Defendiendo nuestros derechos
Vilma Ibarra [email protected] | Miércoles 19 agosto, 2009
Hablando Claro
Defendiendo nuestros derechos
En tanto consumidores, los ciudadanos debemos asumir responsabilidades que —precisamente por implicar el ejercicio de deberes y no solo de derechos— conllevan una inversión de tiempo, paciencia e hígado (sí, hígado) que muchas veces no estamos dispuestos a erogar.
Dicho en otras palabras, ejercer derechos de ciudadanía democrática desde la perspectiva de nuestra condición de consumidores, es un ejercicio casi siempre tan desgastante que la mayoría de las veces es más rápido, fácil y cómodo abandonar el reclamo de nuestros derechos vulnerados ya sea como clientes, usuarios o pacientes, que insistir en reivindicarlos.
El problema es que al desistir del ejercicio de nuestro deber de ciudadano-consumidor no solo abdicamos los derechos individuales que nos están garantizados por la Constitución y las leyes sino que —pero aún— no permitimos a la democracia desarrollar el músculo de sus plenas capacidades de protección, promoción y desarrollo de los derechos que nos asisten a todos. En otras palabras, la omisión de nuestros deberes ciudadanos afecta la consolidación de los derechos democráticos.
Esta reflexión es en realidad una autocrítica que me he venido haciendo en un esfuerzo por convencerme de que ejercer los derechos de consumidora (cliente, usuaria, paciente) a los que por tanto tiempo he renunciado simplemente porque siempre he creído que es mucho menos desgastante dejar las cosas en su lugar, darle borrón y cuenta nueva a una mala experiencia (o peor aún a un engaño o una estafa) es una posición no solo cómoda sino hasta cierto punto mezquina, pues en lugar de intentar cumplir a cabalidad mis deberes ciudadanos muchísimo más allá de votar en cada elección, dejar hacer y dejar pasar me convierte en una especie de ciudadana mediocre.
Por eso —repito— estoy tratando de cambiar mis viejos paradigmas.
Hace escasos tres años llegué a una estación de combustible con mi auto de diésel y sin percatarme, el joven pistero inyectó una enorme dosis de gasolina en el tanque del pobre carro que, por supuesto, a pocos metros de haber salido de la estación, empezó literalmente a convulsionar hasta que —intoxicado como estaba— quedó varado en plena vía pública. La historia es larga. Baste decir que el vehículo fue trasladado hasta el taller y a pesar del dictamen técnico de la agencia que constató la tal intoxicación con gasolina, el dueño de la bomba se negó a pagarme la reparación. Lo único que hizo fue despedir al pobre empleado. Y yo —fiel a mi viejo paradigma— opté por echarle tierra al molestísimo episodio y por supuesto, a pagar de mi bolsa el error de la gasolinera.
Hoy no.
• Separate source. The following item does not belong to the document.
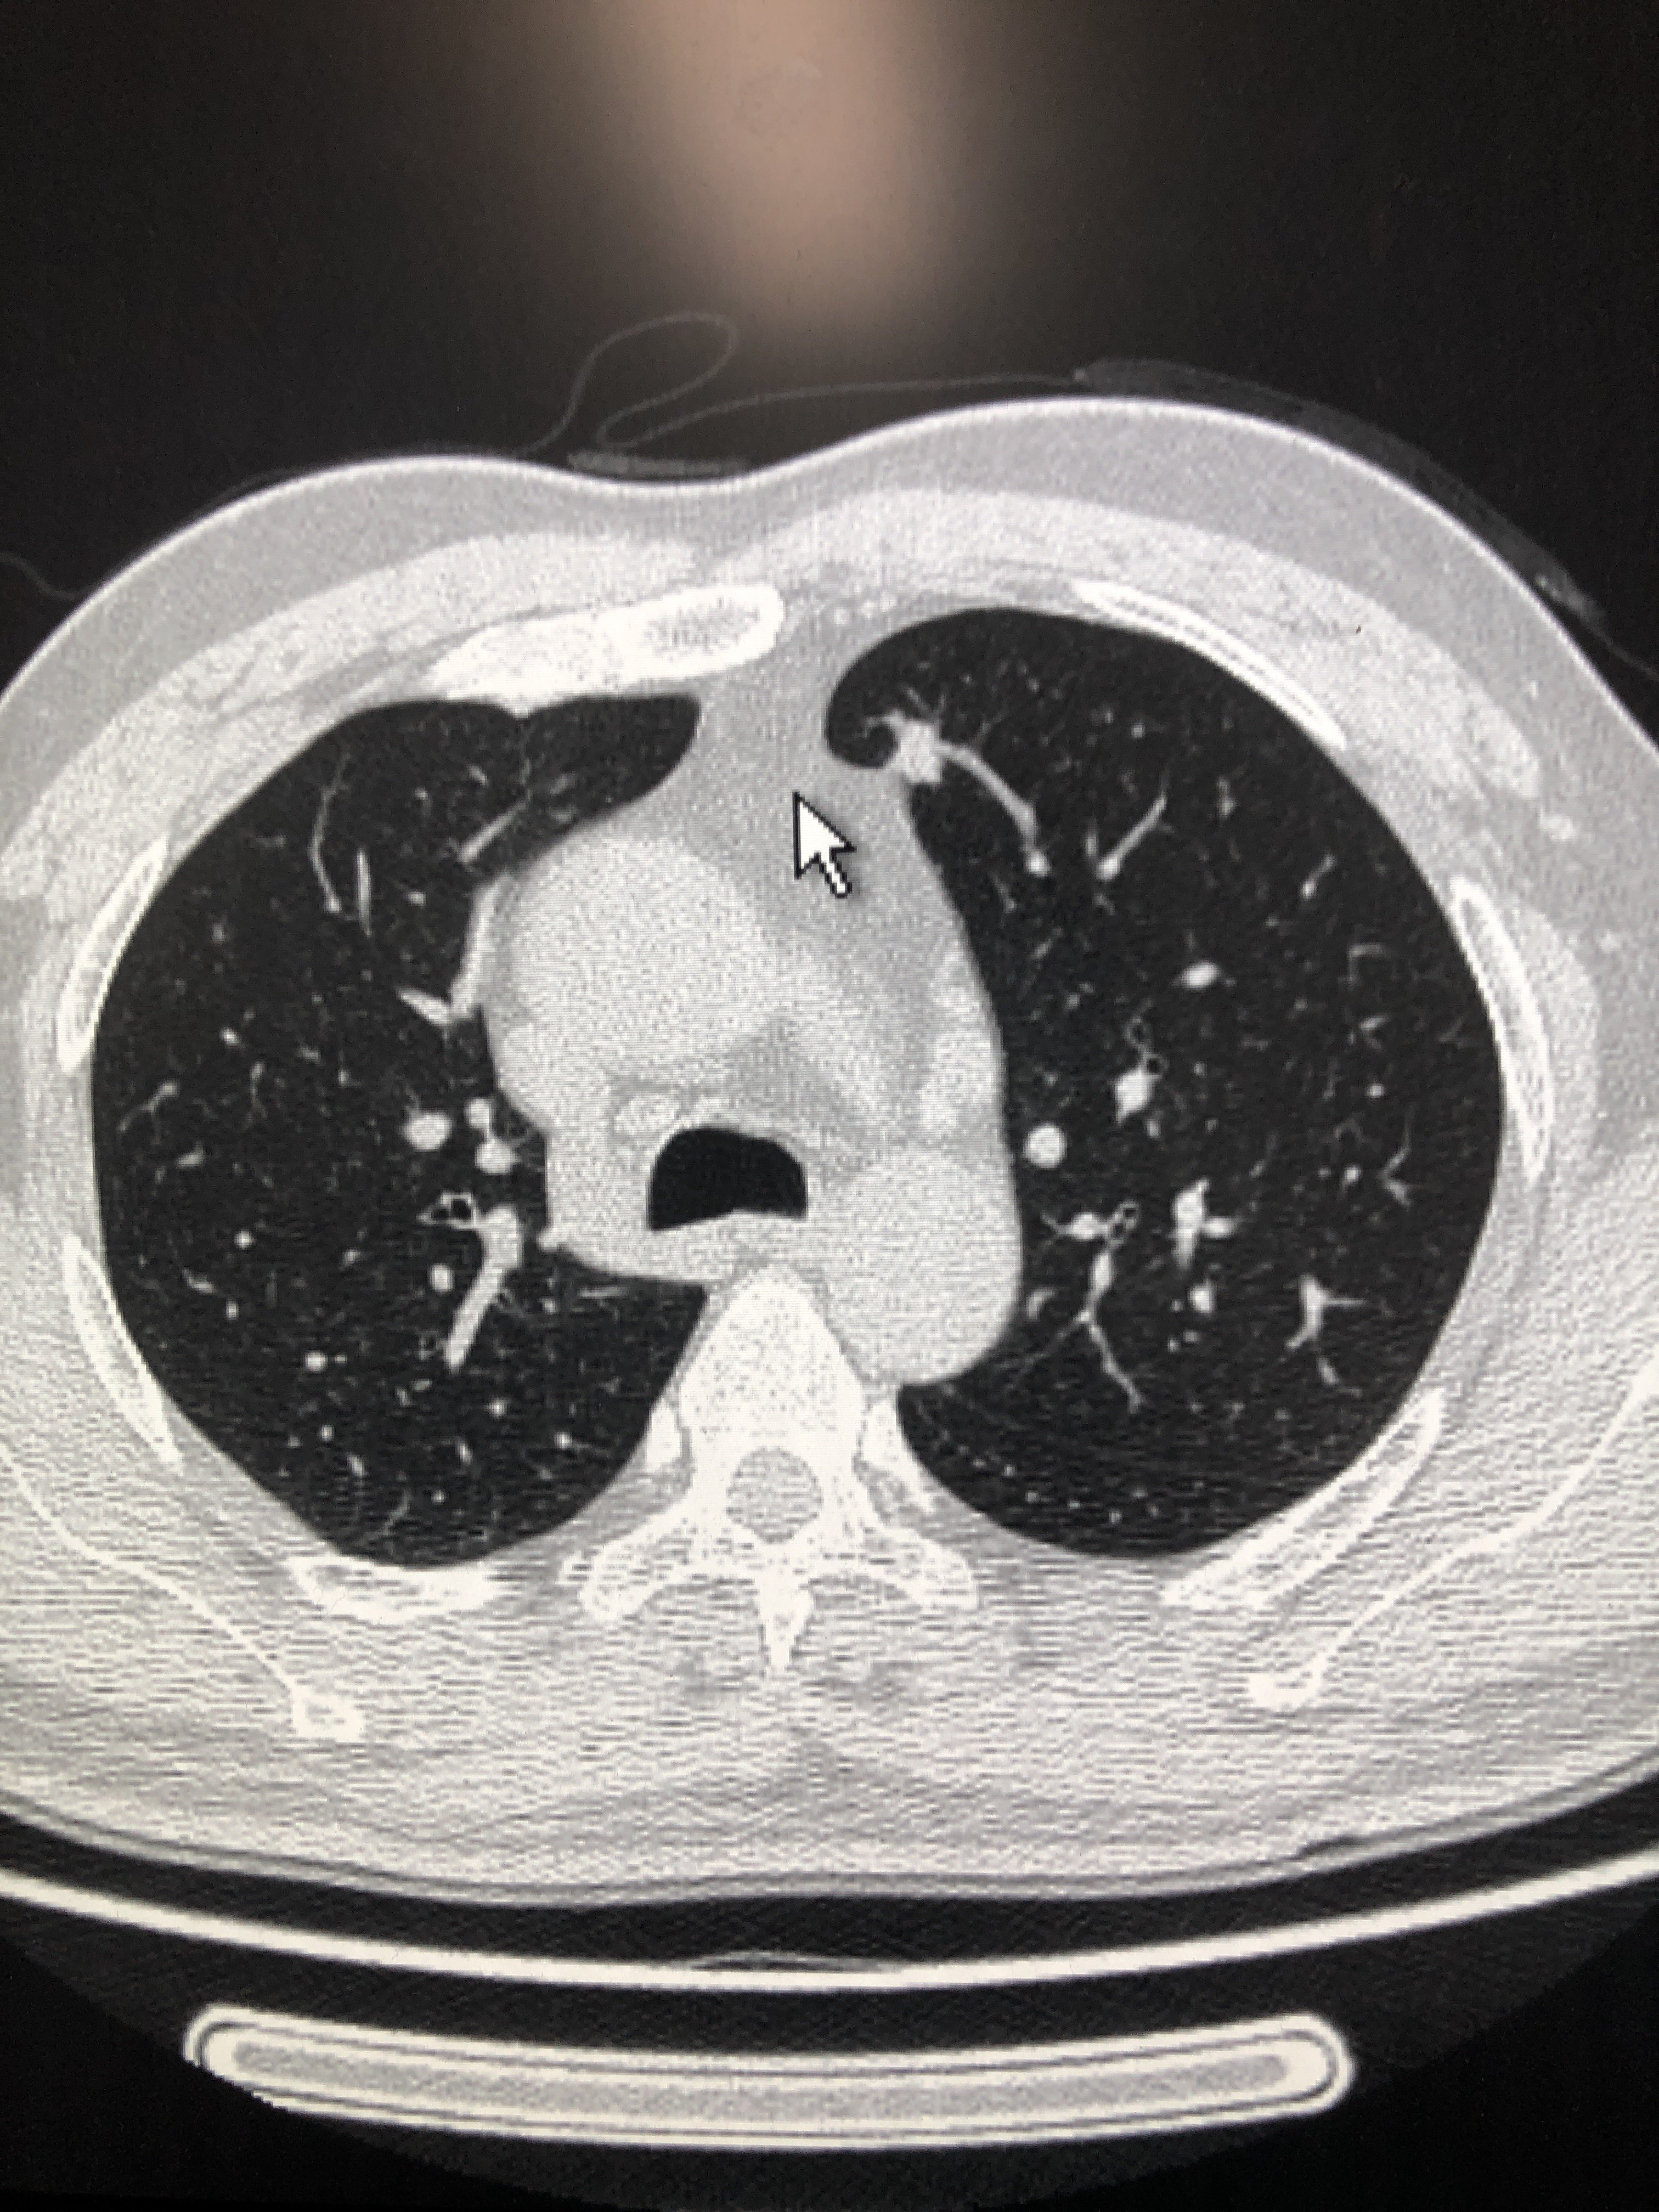 肺图片真实照片图片

Hoy estoy empeñada en seguir el desgastante camino de lograr el reconocimiento de mis derechos como paciente-consumidora. Porque una cosa fue el “efecto adverso” que le produjo a mi carro el combustible equivocado y otra cosa mucho más delicada y traumática ha sido el efecto adverso que me produjeron dos medicamentos que me recetó un médico en el que un mal día yo deposité toda mi confianza. Y por supuesto también, mi dinero.
Que la democracia funcione depende de todos.